There wasn’t a huge turnout, and opinions seemed to be broadly split three ways, although nobody thought their effect had been “very good” and 72% thought that, overall, the effect had been negative.
Since 1989, we have seen dramatic changes in the industry, most notably


The large-scale severance of the traditional link between brewing and pub-owning
The transfer of British brewing to foreign-owned multinational companies
The creation of giant pub companies which seemed more driven by considerations of property than retailing

I would suggest that, to some extent, these trends were happening anyway, and even without the Beer Orders the situation today wouldn’t be vastly different from what it actually is. But without them we probably would not have seen the rise of the debt-financed pub companies (http://tandlemanbeerblog.blogspot.co.uk/2012/09/up-to-their-neck-in-debt.html) which are widely seen as having had a negative influence on the British pub trade.
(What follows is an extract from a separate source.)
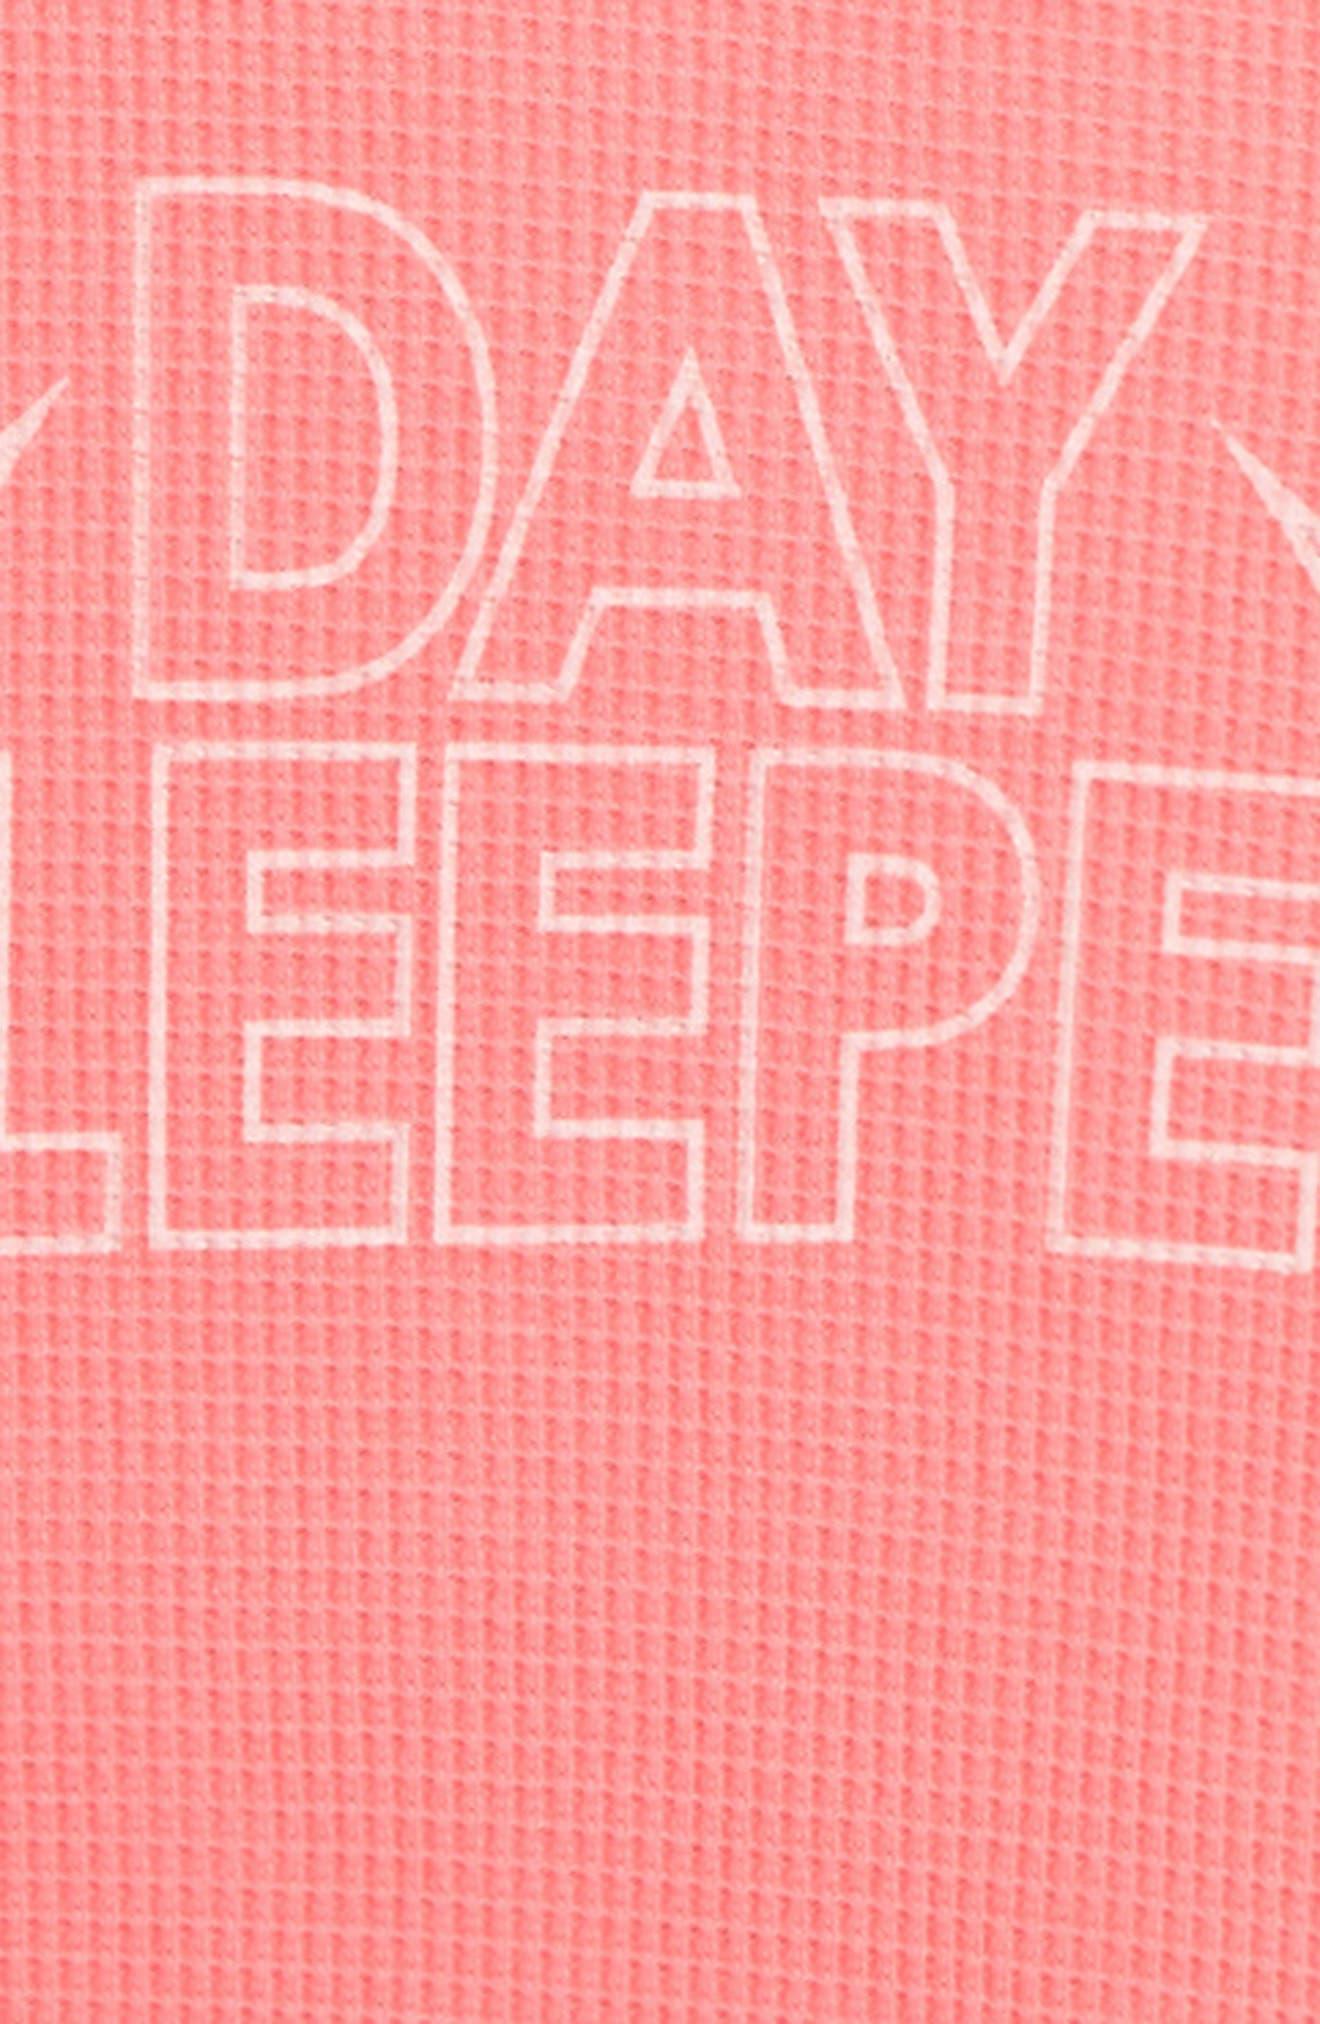 Alternate Image 2  - Wildfox Day Sleeper Thermal Top (Big Girls)

Unless there is an overwhelming monopoly, government intervention in markets always tends to be a bad idea, and the Beer Orders rather prove the point that it is fraught with unintended consequences.
It also seems to me that the government of the day embarked on the Beer Orders without any clear view of what the consequences actually would be. Did they think that the Big Six companies would simply sell off their surplus pubs, or even that they would spin off regional breweries with an associated estate of tied pubs as independent businesses? Did they ask them what they would be likely to do?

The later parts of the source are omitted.